Sure, I have also read Eliezer repeatedly make that claim. On the meta level, I don't think the fact that he has written about this specific scenario fully makes up for the vagueness in his object-level essay above. But I'm also happy to briefly reply on the object level on this particular narrow point:
In short, I interpret Eliezer to be making a mistake by assuming that the world will not adapt to anticipated developments in nanotechnology and AI in order to protect against various attacks that we can easily see coming, prior to the time that AIs will be capable of accomplishing these incredible feats. By the time AIs are capable of developing such advanced molecular nanotech, I think the world will have already been dramatically transformed by prior waves of technologies, many of which by themselves could importantly change the gameboard, and change what it means for humans to have defenses against advanced nanotech to begin with.
As a concrete example, I think it's fairly plausible that, by the time artificial superintelligences can create fully functional nanobots that are on-par with or better than biological machines, we will have already developed uploading technology that allows humans to literally become non-biological, implying that we can't be killed by a virus in the first place. This would reduce the viability of using a virus to cause humanity to go extinct, increasing human robustness.

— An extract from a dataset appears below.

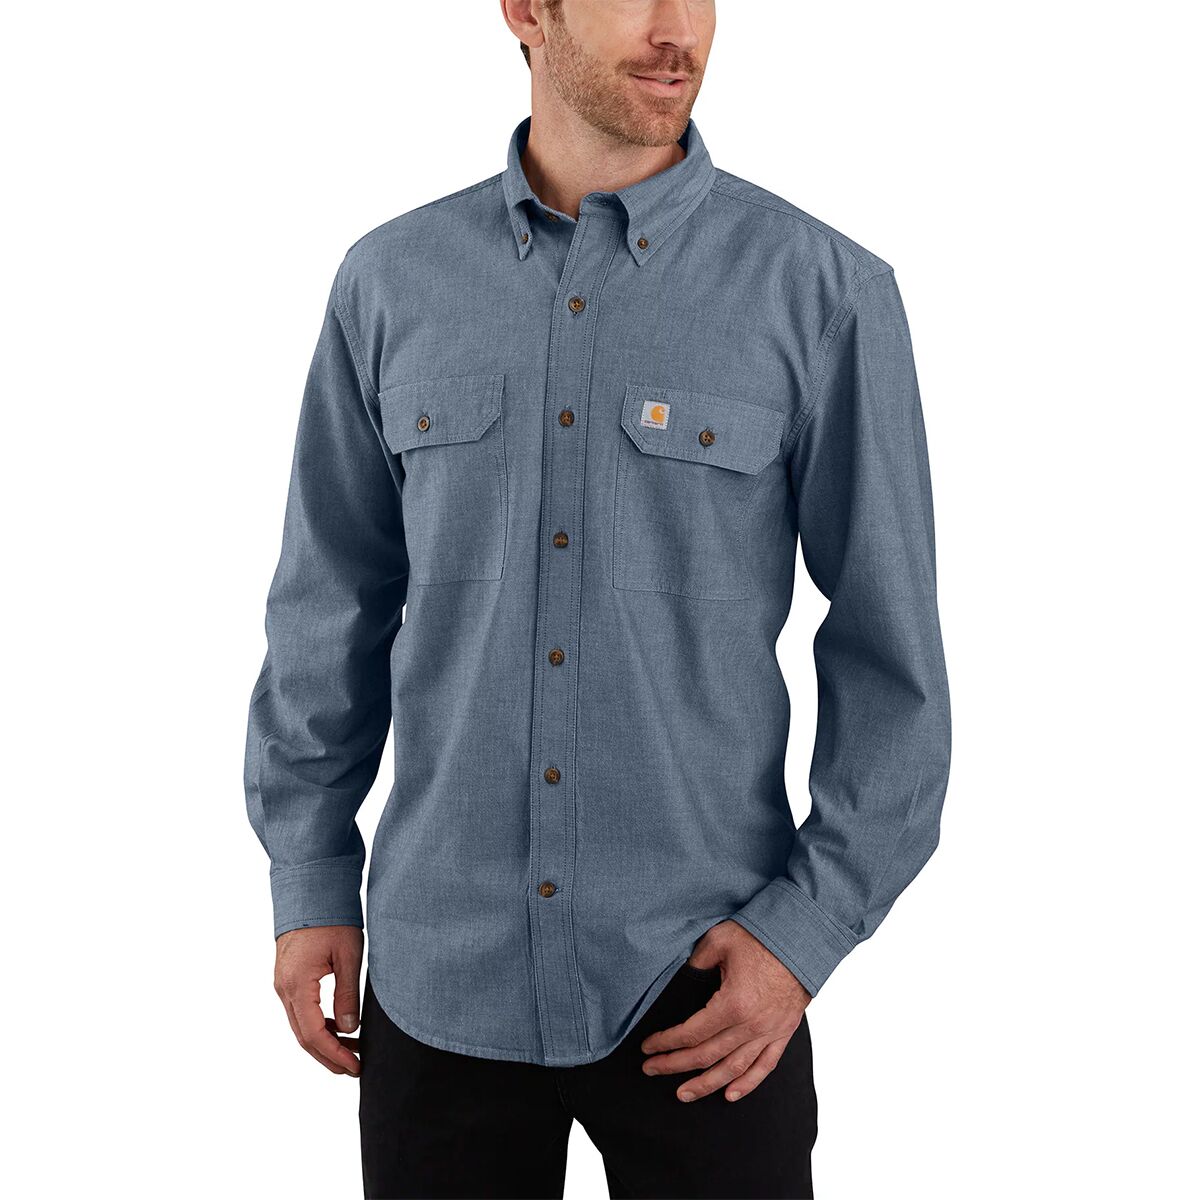 Carhartt TW368 Original Fit Long-Sleeve Shirt - Men's

As a more general argument, and by comparison to Eliezer, I think that nanotechnology will probably be developed more incrementally and predictably, rather than suddenly upon the creation of a superintelligent AI, and the technology will be diffused across civilization, rather than existing solely in the hands of a small lab run by an AI. I also think Eliezer seems to be imagining that superintelligent AI will be created in a world that looks broadly similar to our current world, with defensive technologies that are only roughly as powerful as the ones that exist in 2024. However, I don't think that will be the case.
Given an incremental and diffuse development trajectory, and transformative precursor technologies to mature nanotech, I expect society will have time to make preparations as the technology is developed, allowing us to develop defenses to such dramatic nanotech attacks alongside the offensive nanotechnologies that will also eventually be developed. It therefore seems unlikely to me that society will be completely caught by surprise by fully-developed-molecular nanotechnology, without any effective defenses.
I don't know what sort of fight you are imagining humans having with nanotech that imposes substantial additional costs on the ASI beyond the part where it needs to build & deploy the nanotech that actually does the "killing" part, but in this world I do not expect there to be a fight.
The additional costs of human resistance don't need to be high in an absolute sense. These costs only need to be higher than the benefit of killing humans, for your argument fail.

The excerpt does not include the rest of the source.